Trees were cut faster than they could be replaced on the volcanic island. In retrospect, Diamond said, Easter Island was on a suicidal path.

"The chiefs of the rival clans were more interested in building bigger statues than maintaining the forests," Diamond said. "They weren't stupid. A chief's prestige was based on building bigger and bigger statues. If he didn't build the statues, he would lose prestige. They were short-sighted in their decisions, but rational in their thinking.

"Easter Island has a lot of lessons for us. One of the recurring themes in social collapses is that leaders isolate themselves from the problems of society. They enrich themselves but do what is wrong for society in the long run. Take Enron, for instance. The actions of the company's leaders were fatal for the company and for the thousands if not millions of stockholders and people who depended on the company for energy. But their actions were based on rational decisions. The executives reasoned that they could get away with it, or that if they got caught, the laws would not deal out enough punishment to outweigh the gains."

Collapse explored the end of several human societies from the Maya to Viking settlers in Greenland. The stories are ancient history, but Diamond said the lessons are timely.

"In some ways, the stakes of social collapse are greater now. There are things that make it more dangerous: globalization, for one. In the past, a society that collapsed rarely affected other societies. But now, just to cite two examples, in Afghanistan and Somalia social collapse led to tragic consequences for many people."

Diamond has followed one of the more unusual career routes in academics. His Ph.D. training was in the physiology of the gall bladder. His path from medical scientist to student of human societies went through, strangely enough, his love of birds.

"I always loved watching birds as a child," Diamond said. "After I became a medical scientist, I learned that just studying the gall bladder didn't completely satisfy me. So I started a second career in bird studies."

That interest led him to exploring the birds on the island of New Guinea. It wasn't long before he grew close to some of the people there. One day, one of the New Guineans asked him a question: "Why do you have so much stuff, and we have so little?" That challenge was the origin of his study of the fates of human societies and led to Guns, Germs and Steel.
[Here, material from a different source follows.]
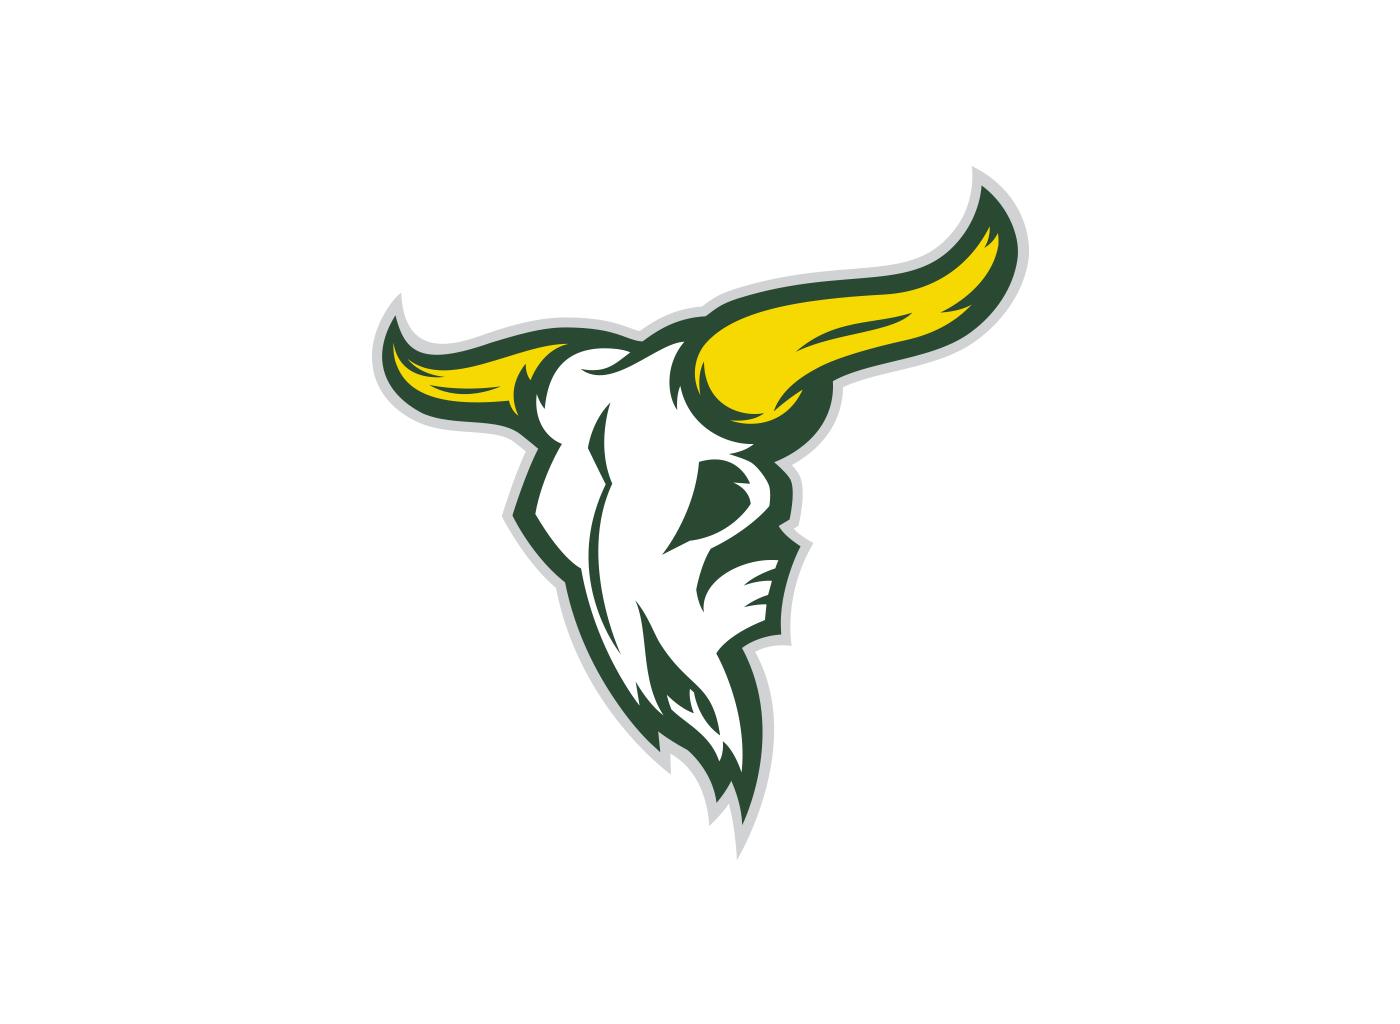 Cobra golf logo png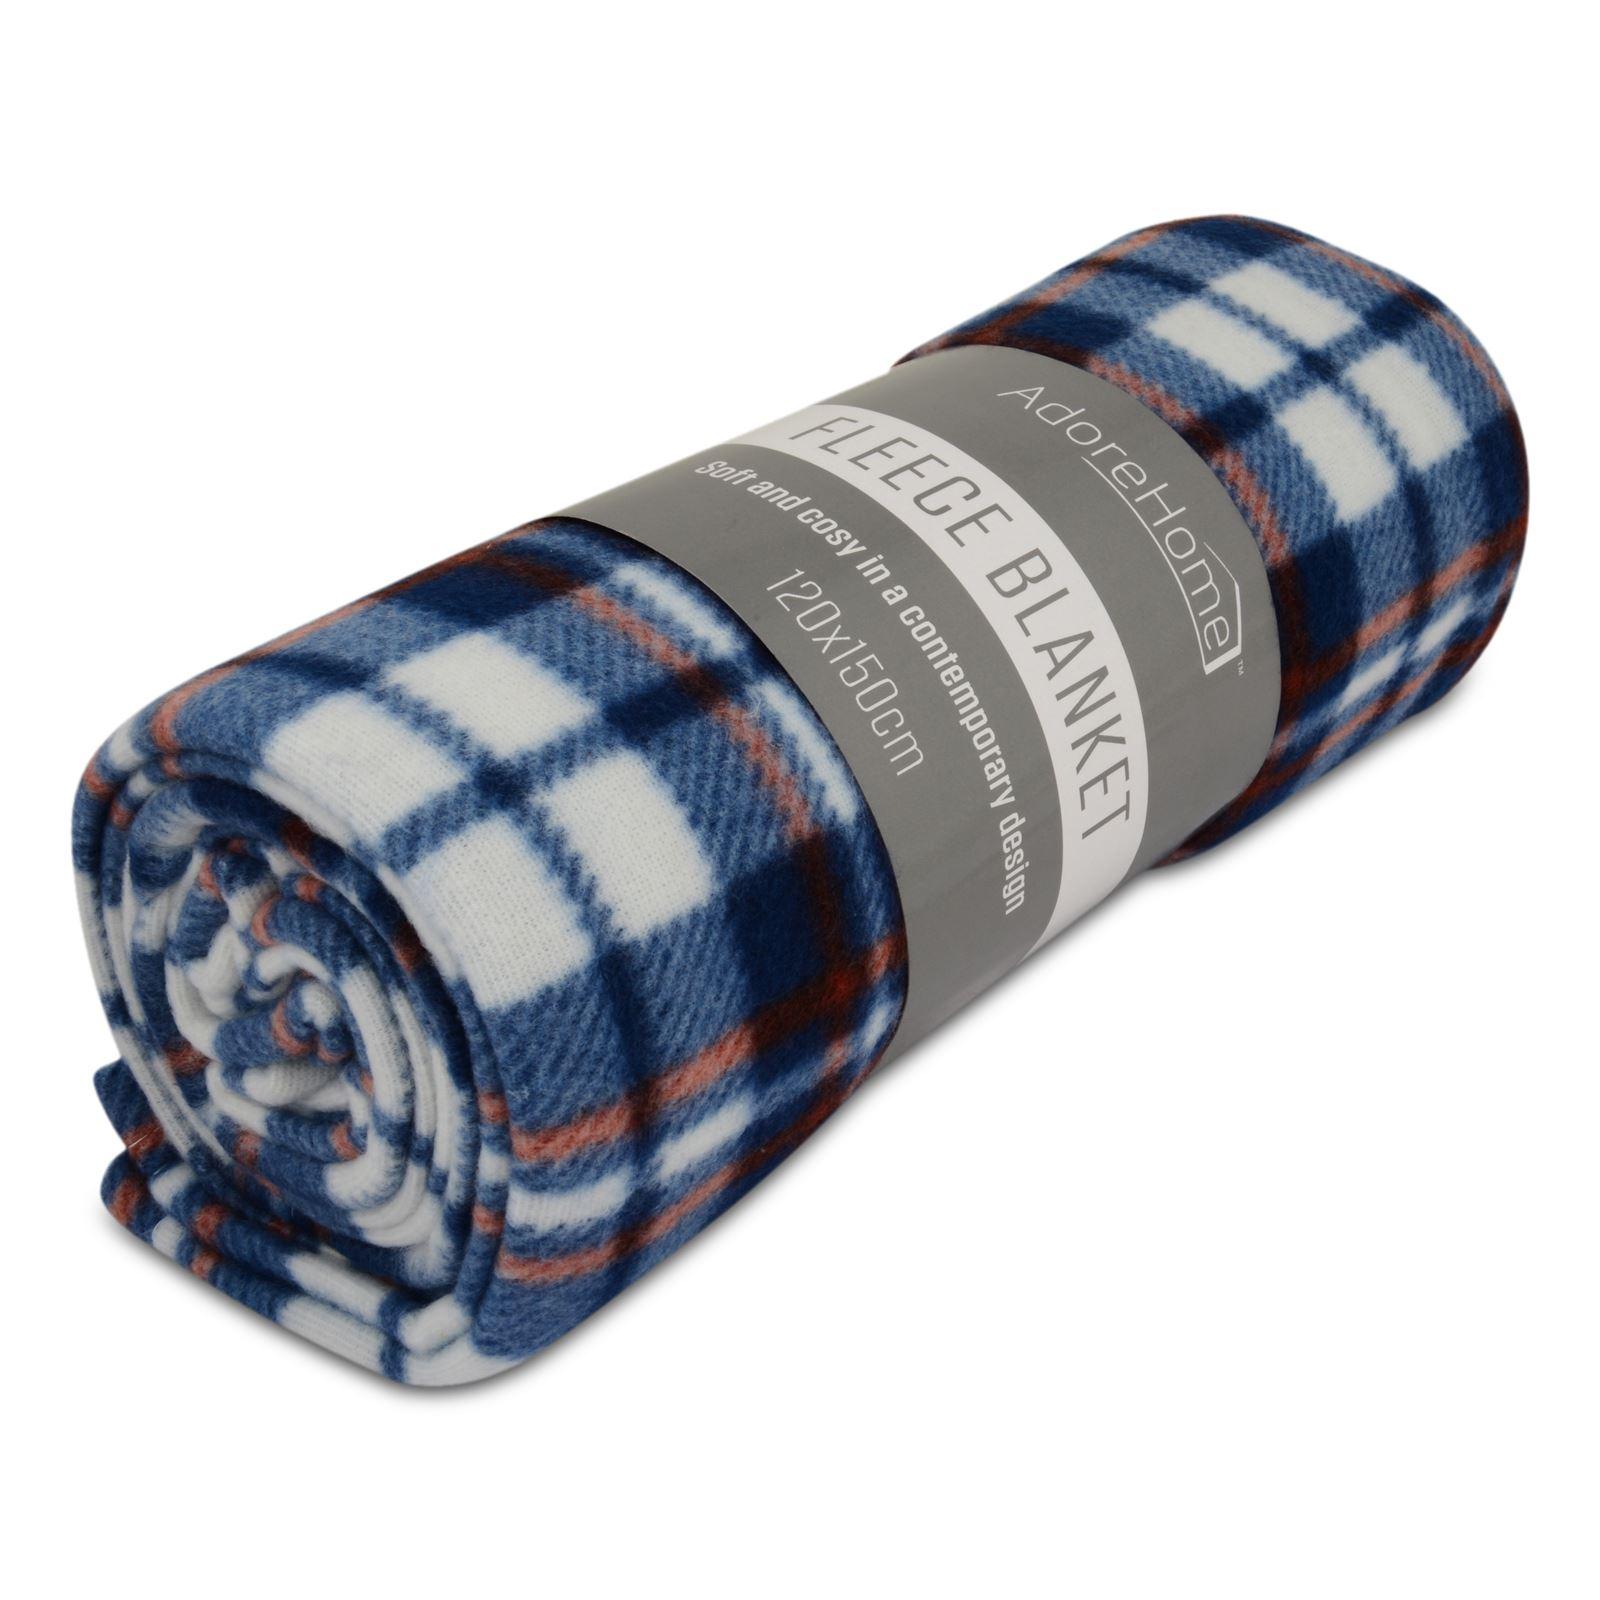 Spartan Fleece Saddle Cover Animal Print: Soft & Warm Printed Fleece Blankets For Sofa Bed Travel

Diamond, whose son is a freshman at Duke, says there are advantages for a society that supports broadly based liberal arts education. A society where people learn to explore their interests is one that can confront problems.

"I got interested in a lot of things as an undergraduate at Harvard," he said. "My son is a freshman here at Duke. Duke, Harvard and all the major research universities require students to be broadly trained. You have to learn history, languages, sciences. You come away with a lot of different interests. If you hold on to those, it proves to be very valuable."

In his writings, Diamond presents an egalitarian message. Humans share the same strengths and weaknesses across societies. Few if any cultures can claim to have a particular advantage in intelligence, he said. The mistakes made by one society have been made by many others and serve as lessons to all.

"When I went out to New Guinea in 1964, I naively believed they were primitive people," Diamond said. "They were still using stone tools. But once there, I immediately realized that in their intellectual abilities, there is nothing primitive about them.

"They are on the average at least as smart as us, if not smarter. They thrive in an environment where I, and most Americans, would flail about. Their knowledge of their surroundings was enormous. There were reasons other than their intelligence why they were still using stone tools. The answer to my friend's question -- the reason why we have so much stuff -- turns out to have nothing to do with the people."